Participants were randomly allocated to one of three groups:
Placebo (40 mg) administered 1 hour before UCS (memory retrieval manipulation)
Propranolol 1 hour before UCS
UCS 6 hours before propranolol
Using information from a visual analogue scale (range, 0 – 5), the researchers measured subjective preference (“liking”) of newly learned and preexisting smoking cues and craving.
Because 27 participants did not complete the experiment, the analysis included 69 persons.
The study showed that preference of both newly learned and preexisting smoking cues decreased at 48 hours among those given propranolol 1 hour prior to smoking reward memory reactivation.
This was not found to be the case in those given placebo 1 hour before reactivation or in those who were administered propranolol after the 6-hour reconsolidation period. The authors note that 6 hours “is outside the temporal window” within which reconsolidation is thought to occur.
Craving in response to naturalistic cues was also reduced in the group that received propranolol 1 hour before the smoking reward memory reactivation.
The authors stress that the UCS-induced memory retrieval-reconsolidation inference procedure still needs to be tested in the smokers’ home environment.
The authors say they believe this approach holds promise as a method for decreasing nicotine craving and that its value should be tested for preventing smoking relapse.

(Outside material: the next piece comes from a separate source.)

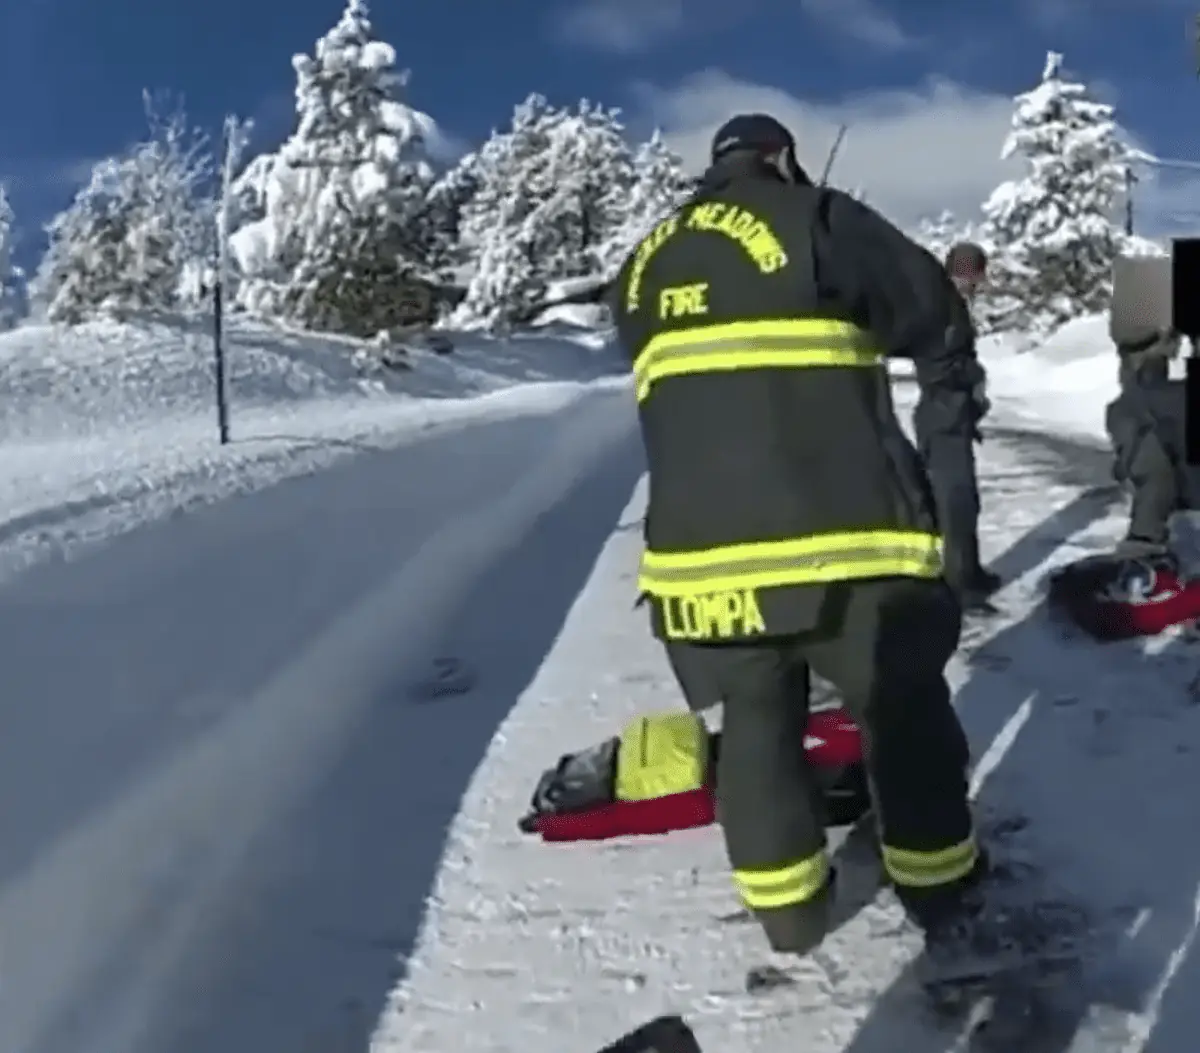 Circula video del rescate tras accidente del actor Jeremy Renner

In an accompanying editorial, Sunjeev K. Kamboj, PhD, and Ravi K. Das, PhD, Clinical Psychopharmacology Unit, Research Department of Clinical, Educational and Health Psychology, University College London, United Kingdom, called the new findings important and exciting.

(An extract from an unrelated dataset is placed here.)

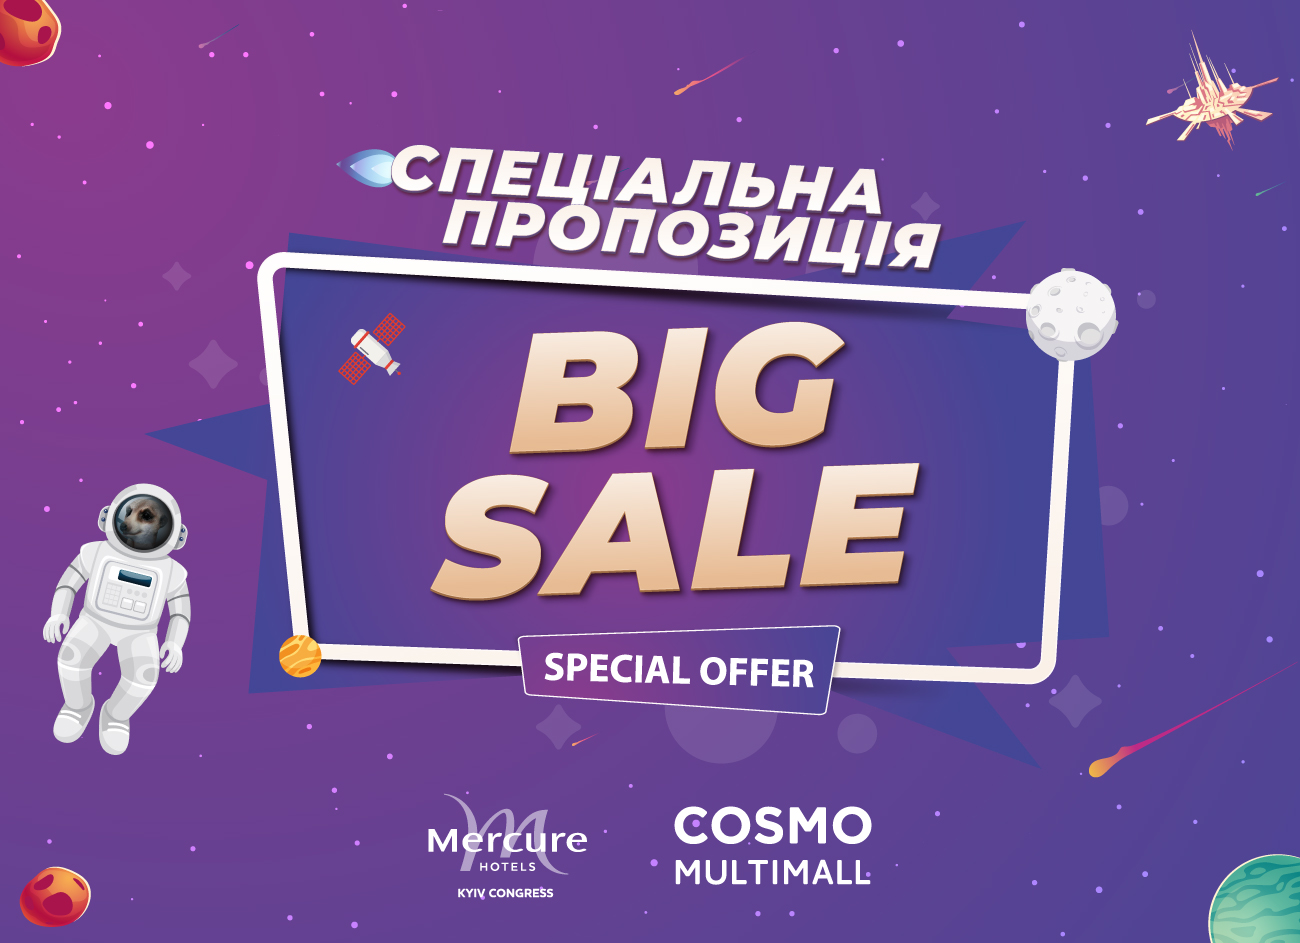 Смарт-шоппинг с Mercure: Big Sale в Cosmo Multimall

They said the studies highlight potential routes for minimally invasive plasticity-modulating treatments, which “could mark a step change in the treatment of tobacco use disorder and substance use disorders more generally.”
However, the results raise a number of questions. For example, the effects on subjective outcomes “were relatively circumscribed, restricted to very or relatively short-term reductions in subjective craving or liking in response to cigarette cues,” say the editorial writers.
“It remains to be determined whether the effects on smoking behavior observed by Germeroth et al extend over longer timeframes in smokers making a concerted effort to quit.”
The extent of memory restructuring achieved in these studies is also unclear, inasmuch as other clinically relevant, maladaptive reward memory–related outcomes were not examined, say Dr Kamboj and Dr Das.
They also note that it is not possible to attribute the findings of Dr Xue and colleagues solely to a weakening of memory during reconsolidation because propranolol was administered prior to UCS retrieval (instead of before retrieval, as in the rat experiments), “raising the possibility that it had additional effects at reactivation.”
The editorial writers also question the ease of implementation. UCS-reactivation techniques involving consumption of an addictive drug “are clearly problematic in patients who are already detoxed,” they write.
“Regardless, these promising translational successes provide reasons to be optimistic about the future of memory therapies for substance use disorders.”